The above is just a relatively simple application scenario , We can directly use a seemingly uncomplicated conclusion . Allied , We can also use the least square method to fit the conic ( At this time, we will not set f(x)=wx+b, It is y=w*x The square of +b*x The first power of +c, And then, respectively w,b,c Find the partial derivative and then solve the equation )—— in other words , We can choose different f(x) type , Different fitting curves are obtained by the least square method .( Of course , But when the situation is complicated , It is difficult for us to get a practical answer by solving the equation , At this time, we use gradient descent to directly optimize and approximate the results .)
To sum up , This article mainly combs the origin, calculation and application of the least square method , It is also used to make it convenient to review the past and know the new ~
边栏推荐
- MySQL advanced learning notes (4)
- yolov5test. Py comment
- Is the multitasking loss in pytoch added up or backward separately?
- 有哪些比较推荐的论文翻译软件?
- Program analysis and Optimization - 9 appendix XLA buffer assignment
- Judge whether the binary tree is full binary tree
- Slf4j + logback logging framework
- MySQL advanced learning notes (III)
- RTP 接发ps流工具改进(二)
- Digital twin visualization solution digital twin visualization 3D platform
猜你喜欢
Hit the industry directly!
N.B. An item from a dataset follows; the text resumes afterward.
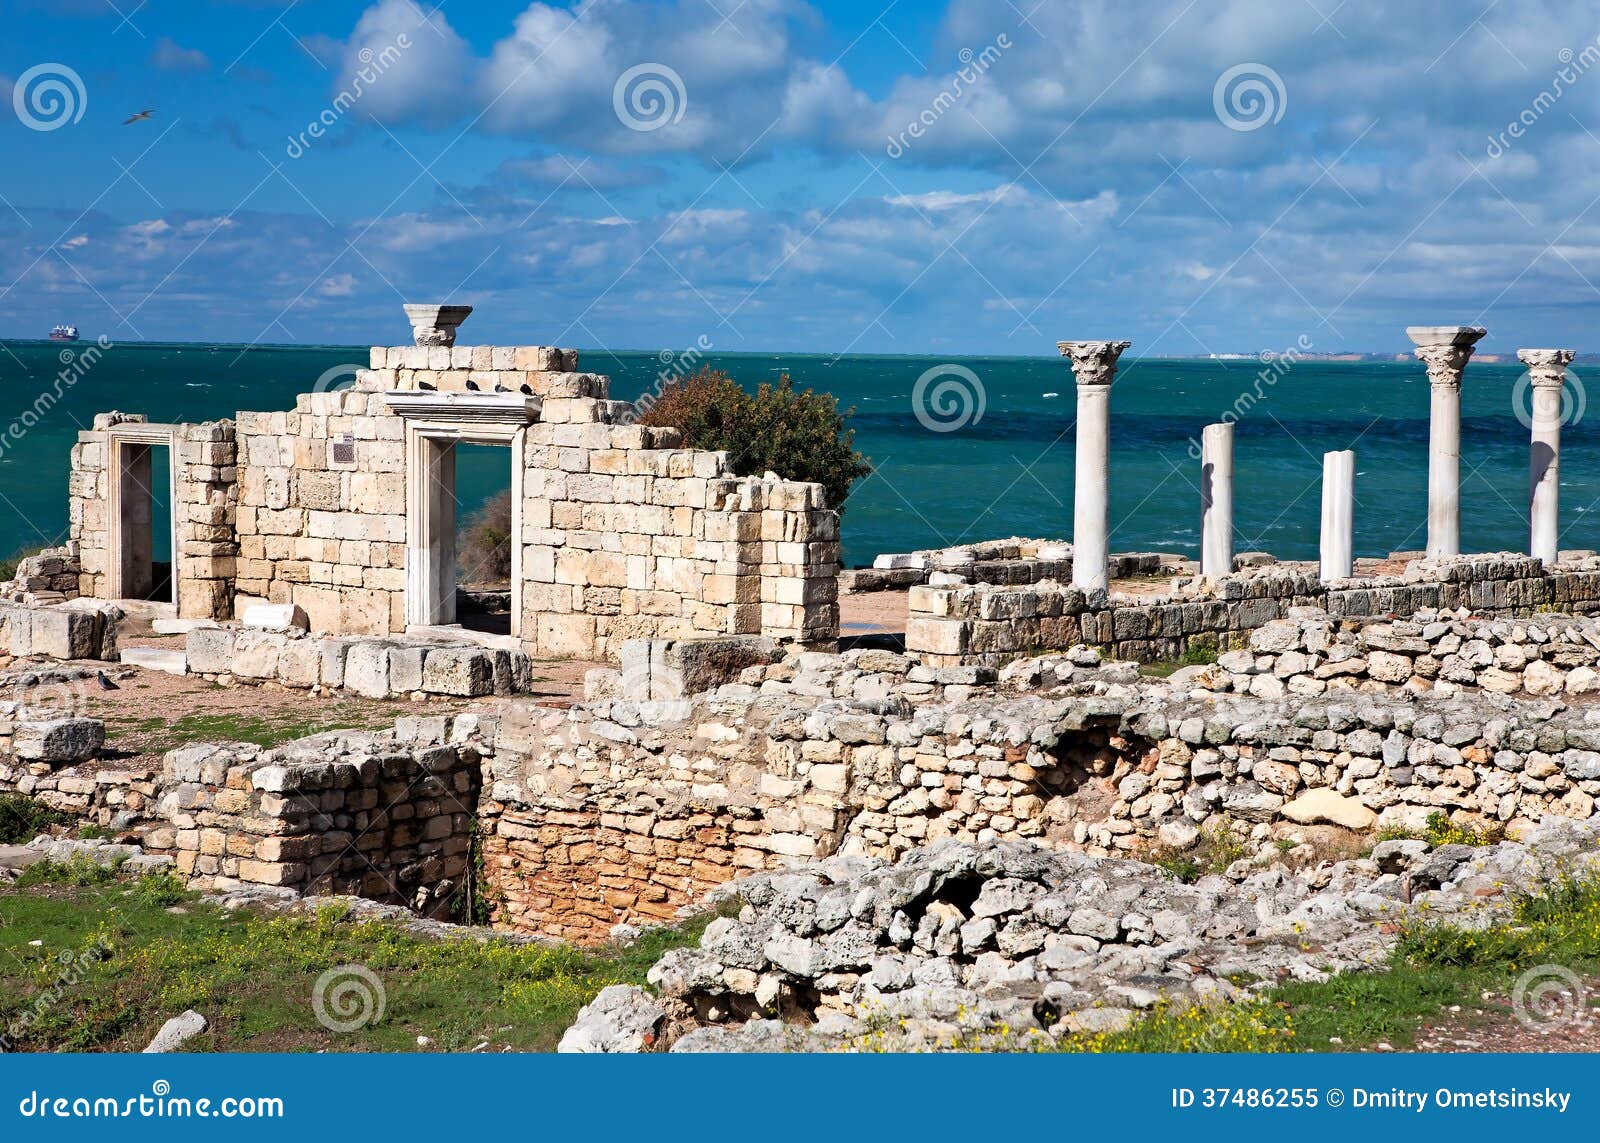 ancient greek basilica in chersonesus in crimea

The propeller launched the industry's first model selection tool
Many to one, one to many processing
论文的英文文献在哪找(除了知网)?
How QT exports data to PDF files (qpdfwriter User Guide)
The privatization deployment of SaaS services is the most efficient | cloud efficiency engineer points north
Chinatelecom has maintained a strong momentum in the mobile phone user market, but China Mobile has opened a new track
Difference between NVIDIA n card and amda card
35页危化品安全管理平台解决方案2022版
Matlab 信号处理【问答笔记-1】
写论文可以去哪些网站搜索参考文献?
随机推荐
leetcode 650. 2 keys keyboard with only two keys (medium)
CADD course learning (4) -- obtaining proteins without crystal structure (Swiss model)
35页危化品安全管理平台解决方案2022版
TypeError: Cannot read properties of undefined (reading ***)
Slf4j + logback logging framework
Chinatelecom has maintained a strong momentum in the mobile phone user market, but China Mobile has opened a new track
Missing number
Install docker and use docker to install MySQL
AcWing_188. 武士风度的牛_bfs
Codeforces Round #771 (Div. 2)---A-D
[reading notes] phased summary of writing reading notes
Unique line of "Gelu"
How to specify const array in the global scope of rust- How to specify const array in global scope in Rust?
Linux 下安装 redis
来自数砖大佬的 130页 PPT 深入介绍 Apache Spark 3.2 & 3.3 新功能
How to apply for company email when registering in company email format?
JSON data transfer parameters
Digital twin smart factory develops digital twin factory solutions
130 pages of PPT from the brick boss introduces the new features of Apache spark 3.2 & 3.3 in depth
Where can I find the English literature of the thesis (except HowNet)?